# Silent Giant?



## tokyo (Jan 19, 2010)

I was just given a big bin of old aquarium equipment that has been sitting in storage for quite a while. It included several heaters, which I am not sure if I want to risk using, four small to medium sized power heads, and a bunch of air pumps, as well as several other random pieces that I'm not sure I'll have a use for.

One of the air pumps is this thing called a Silent Giant, it looks like its from the 80s, and probably is. Its three or four times bigger than a regular small air pump and is sort conical and made of beige or "off-white" plastic. It only has one hole for a hose to hook up to and the whole thing is pretty bulky.

Anyone know why this thing is so different from other airpumps? I can't really find much info about it online other than that its supposed to be very quiet, which I could have guessed from the name.

Thanks


----------



## Dook (May 13, 2009)

hook it up and find out... compare it's output to other pumps you have by just using tubing with nothing on the end.


----------



## prov356 (Sep 20, 2006)

Found some info on Silent Giants here. Sounds like it was a very good, expensive pump in it's day.
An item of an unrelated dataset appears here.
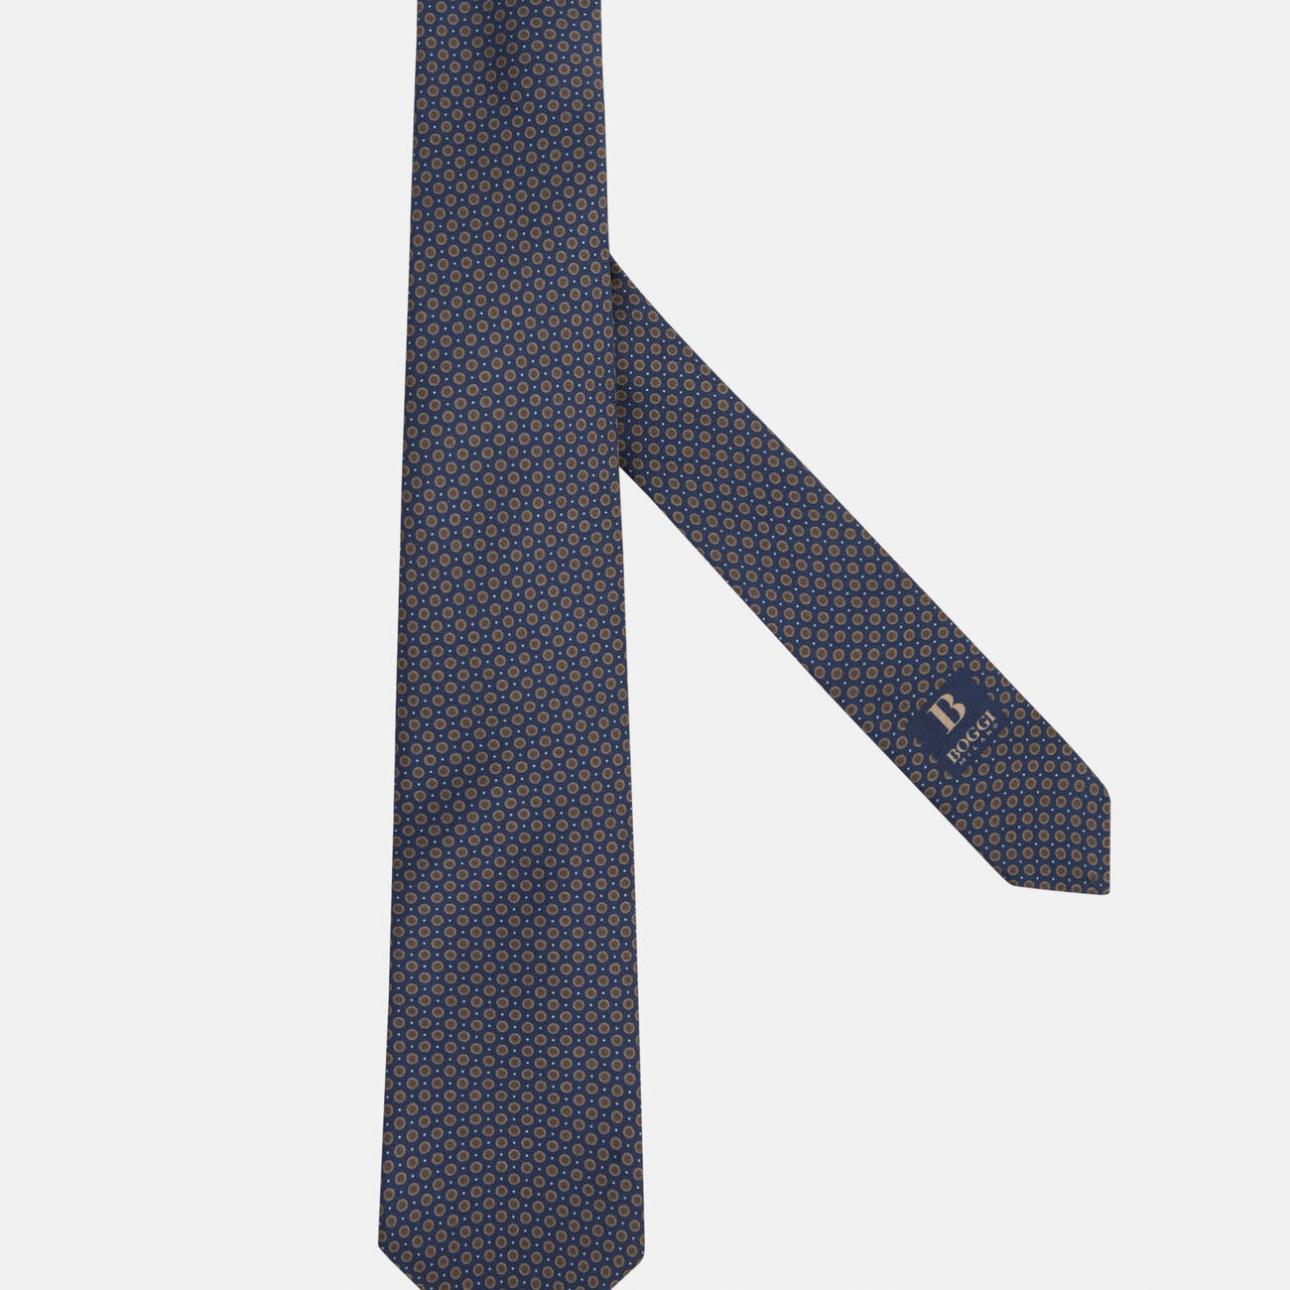 Cravatta Pois In Seta Boggi Uomo Accessori Cravatte e accessori Cravatte

And here's one for sale on ebay and he says he also has parts.


----------



## RaizedWICKED (Feb 10, 2010)

looks like a beer keg.. drinks anyone.????

RW


----------



## mbunabum (Jan 14, 2007)

Boy does that bring back memories! I had one of those back in the early 1970's. It was a great little air pump and it was quite quiet. I used it on a air driven skimmer on my 55 saltwater tank. Wish I still had some of that old stuff, just for memory sake.


----------



## tokyo (Jan 19, 2010)

Thanks for the info. I'm going to have to try it out. I didn't have time before work, but I will check it out today. I really like the retro look, its pretty cool looking.


----------